We think that this conclusion may arise from the different value that the concept of “generators” has in animal models compared to human non-invasive imaging. As you correctly point out, in the animal world, “generators” are those cells or group of cells where the activity is originating. On the other hand, in the non-invasive imaging world, “generators” is often used to refer to those centres whose activation produces the activity recorded on the scalp, but are not necessarily the point where the activity started from. To clarify, we cannot exclude that there may be neuronal activity in the thalamus, other central pattern generators or driven by the sensory periphery (even if this latter is unlikely, see reply to question 2) which cannot be picked up with EEG or fMRI, but that is then amplified by the subplate resulting in measurable electrical-hemodynamic activity in the insulae. However, with our non-invasive analysis, we can tell that the source of the posterior-temporal δ brushes, independently of what triggered it, is in the insulae, in the same way that spindle bursts have their source in, for example, the barrel cortex, even if they are driven by the thalamus or by the sensory periphery.

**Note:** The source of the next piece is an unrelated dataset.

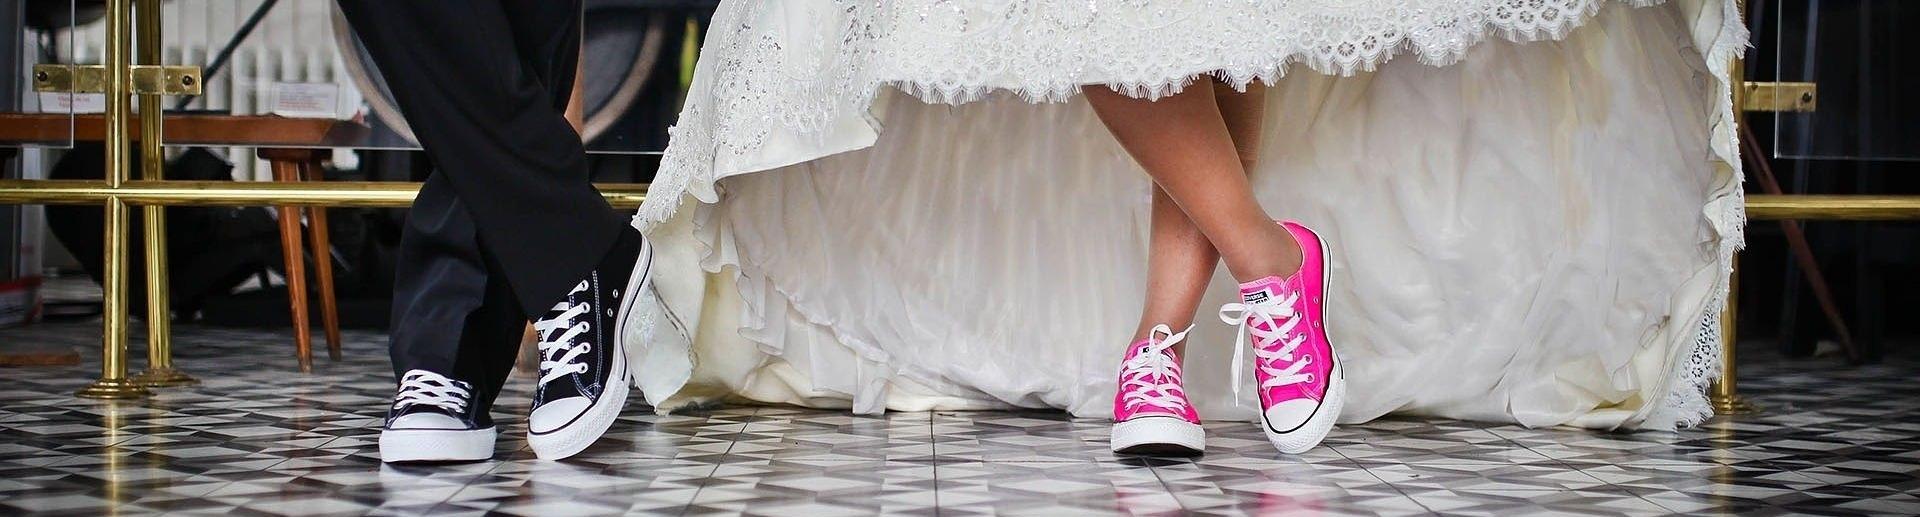 cedar court hotels wedding packages

We have now replace the word “generator” with “source” or “location” when referring to human studies and we have added a new paragraph in the Results and Discussion to make this difference explicit (fifth paragraph).

2) How do the authors exclude that the insula is just co-activated by the activity patterns generated in the retina, spinal cord etc.?

As you correctly assert, by nature of our non-invasive methodology and the constraints of studying fragile preterm human infants, we cannot definitively rule out that the insulae were co-activated by peripherally generated activity. However, numerous imaging studies with this population have shown that different forms of sensory stimulation induce activity which can be reliably localized to their respective primary sensory cortices. These include visual responses in the occipital lobe (Lee, Donner et al. 2012), auditory responses in the temporal lobe (Mahmoudzadeh, Dehaene-Lambertz et al. 2013, Baldoli, Scola et al. 2015), and passive movement responses in the primary sensori-motor cortices (Arichi, Moraux et al. 2010, Allievi, Arichi et al. 2016). We therefore feel it is unlikely that the activation we identified could have been generated in peripheral regions (such as the retina) as across all of these studies, additional patterns of activation were never described within the insulae.

However, we agree that there remains uncertainty about the origin of the recorded events as discussed in the new Results and Discussion paragraph (fifth paragraph).

3)Results and Discussion, second paragraph: What is the evidence that the insula in newborn rodent cortex or preterm primate neocortex is so well connected and may fulfil the role of a hub region?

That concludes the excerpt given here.